Proliferan para hacer daño, triturar enemigos, conseguir favores, engañar incautos y, sobre todo, inventar realidades.
Por Jorge Guebely
Como virus cultural, las “fake news” se multiplican en los medios masivos de comunicación. Proliferan informaciones falsas con apariencia de verdad.
Surgen de astutos cerebros. La utilizan políticos para pulverizar contrincantes y potentados para aumentar caudales. Tan “fakes news” es una publicidad política como una comercial. Falsas informaciones que nos borran el mundo, ahora lo vemos a través de mentiras.
Surgen con sentido bíblico: si cada día trae su afán, cada mañana hay que tuitear noticias falsas.
Con sentido filosófico: si ninguna mentira llega a vieja, según Sófocles, hay que renovarlas diariamente. Enfermedad mental que se democratiza en tiempos de la modernidad líquida, según Bauman.
Arma antigua y apetecida por el poder brutal e inhumano de los más fuertes sobre los más débiles. Bastaba una conseja oficial, una acusación peregrina, para destruir una persona, una familia, un pueblo.
La usó Nerón para quemar cristianos, la Santa Inquisición para torturar herejes, Hitler para asesinar judíos y Pinochet para desaparecer comunistas. La utilizaron los banqueros para promover dos guerras mundiales, y Bush para apoderarse del petróleo iraquí.
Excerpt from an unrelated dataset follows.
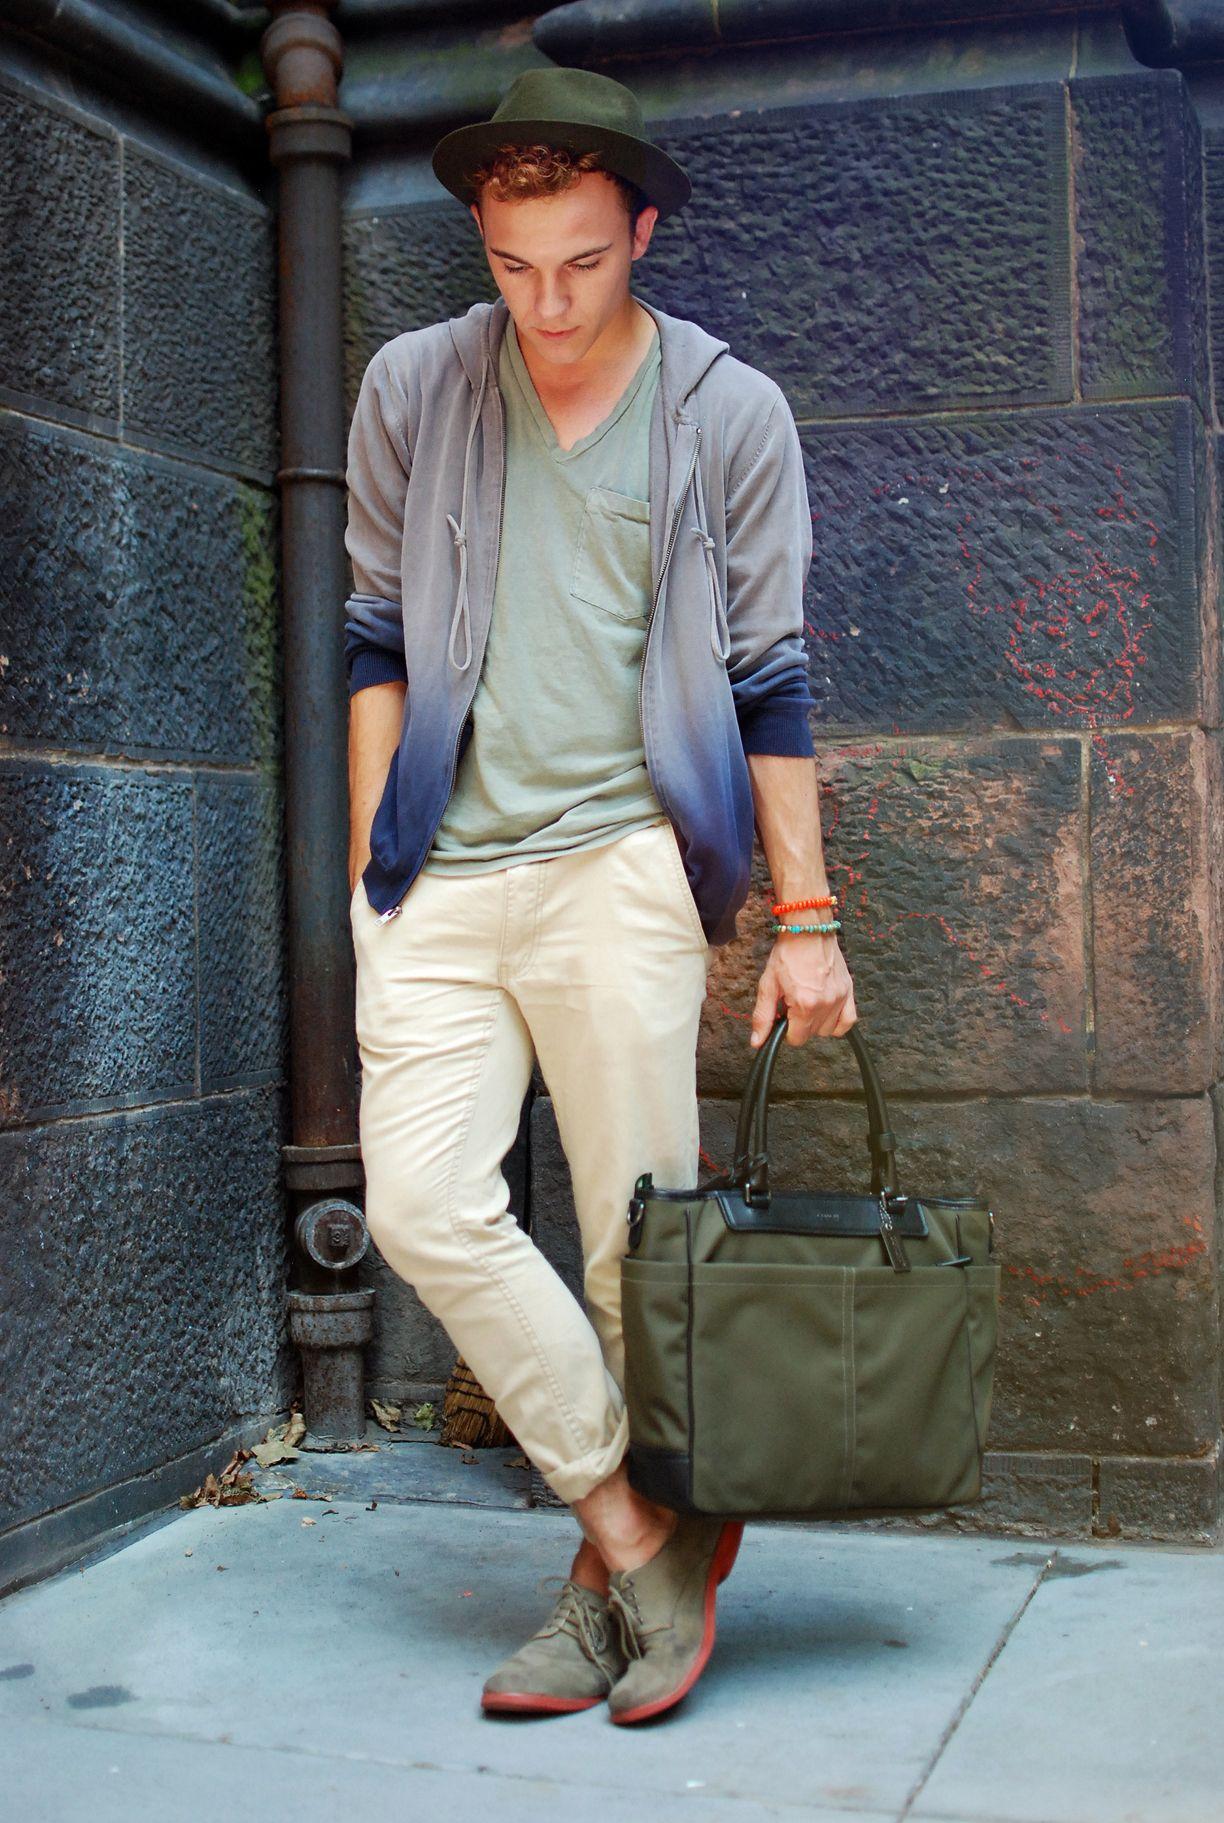 Ravelry: Better Dorm Boots Slippers by Kris Basta
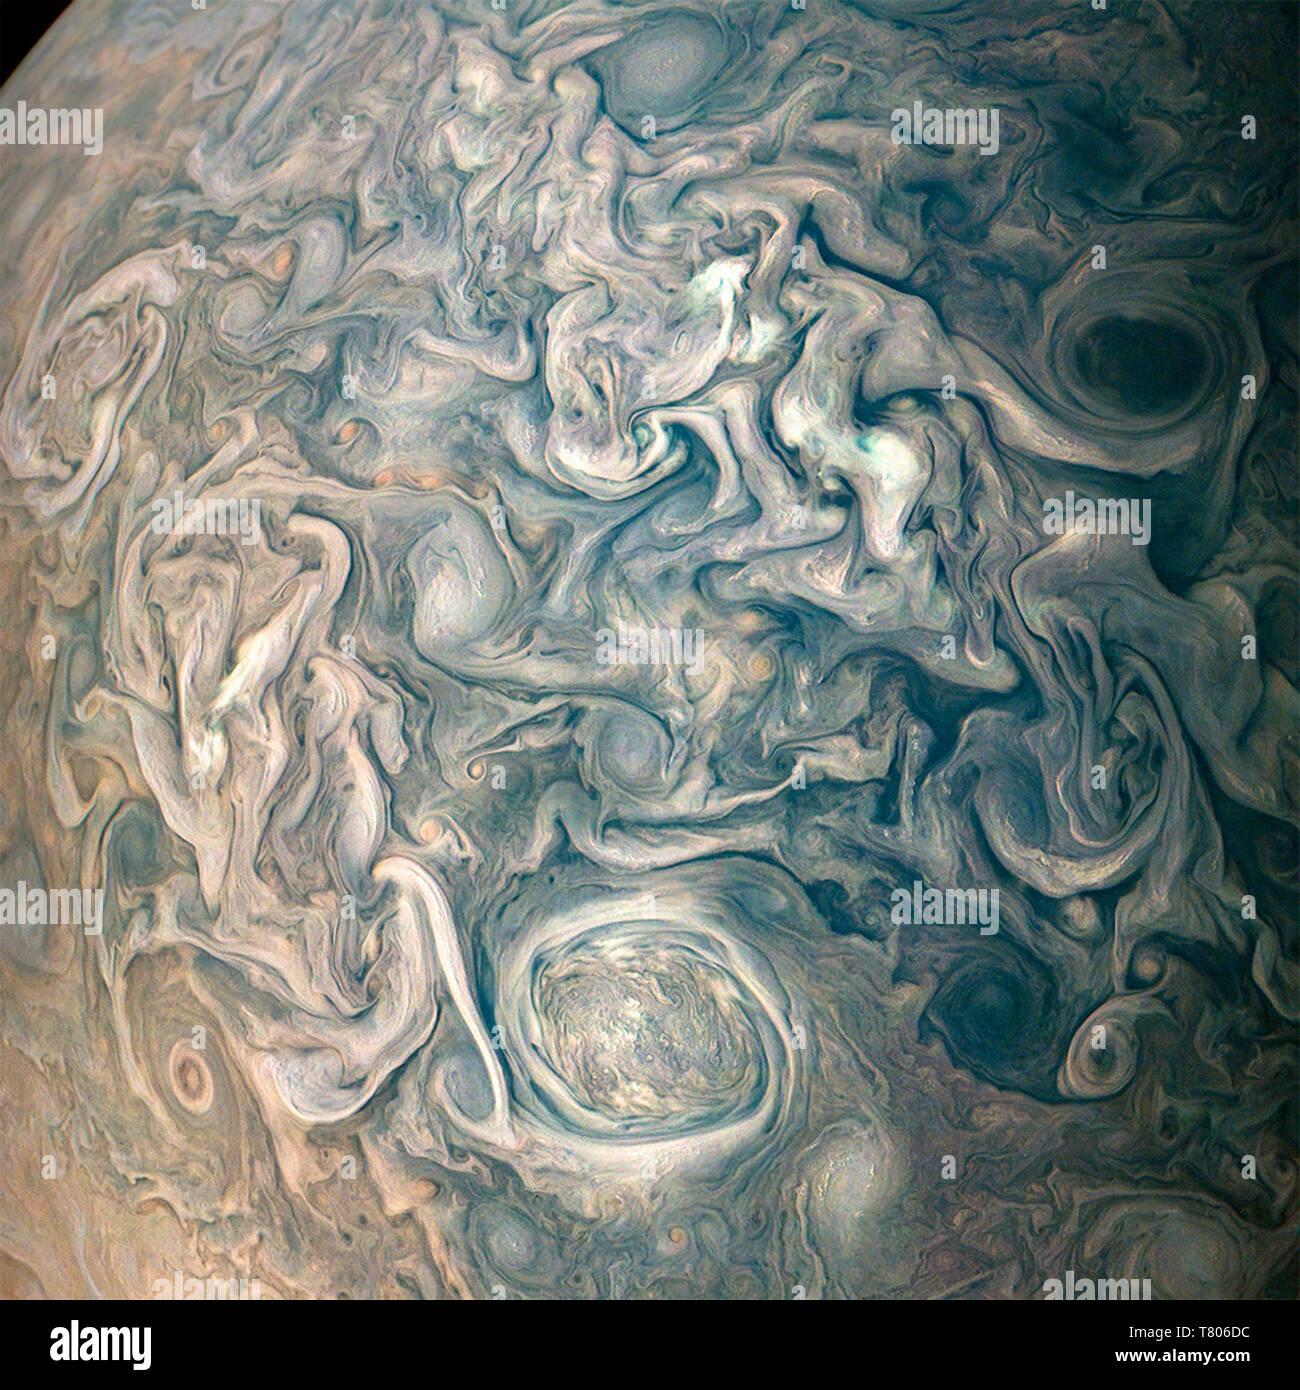 Jupiter's Swirling Clouds, Northern Hemisphere - Stock Image

La usaron los conservadores colombianos para destazar liberales del pueblo y la usan hoy las extremas derechas para exterminar a líderes sociales.
Arma predilecta de todos los espíritus dictatoriales en tiempos del coronavirus: Xi Jinping, quien informó un número menor de muertos; Putin, quien difunde la pandemia como una estrategia conspirativa; Trump y Bolsonaro, que la minimizan. “Contra el coronavirus -dice Netanyahu-, hay que utilizar todas las armas, incluyendo las tecnológicas”.
Desde la política proliferan noticias falsas porque “la verdad y la política nunca se llevan bien”, afirmaba Hannah Arendt.
Abundan las “fakes news” en políticos locales. “Soy un ambientalista radical”, informó en campaña Duque, quien hoy promueve el fracking.
“Nunca he pedido permiso ni patrocinios de grupos delincuenciales para hacer política”, afirmaba Uribe, mientras ‘La Gata’ patrocinaba su campaña. “Es muy difícil encontrar un político que no sea mentiroso”, afirmó Santos. Y ‘fakes news’ es la historia que coteja Darío Acevedo, director del Centro Nacional de Memoria Histórica. La teje según el godismo nacional. Sabe que historia y realidad son invenciones del poder político y económico.
“Este mundo nos es ilusorio y falso…”, afirma el hinduismo. Precio que pagamos por habernos separados del mundo original, por ser expulsados del Paraíso Terrenal según el cristianismo. Como castigo, nos toca vivir una realidad esperpéntica e ilusoria creada a base de mezquindad, voracidad y ‘fakes news’.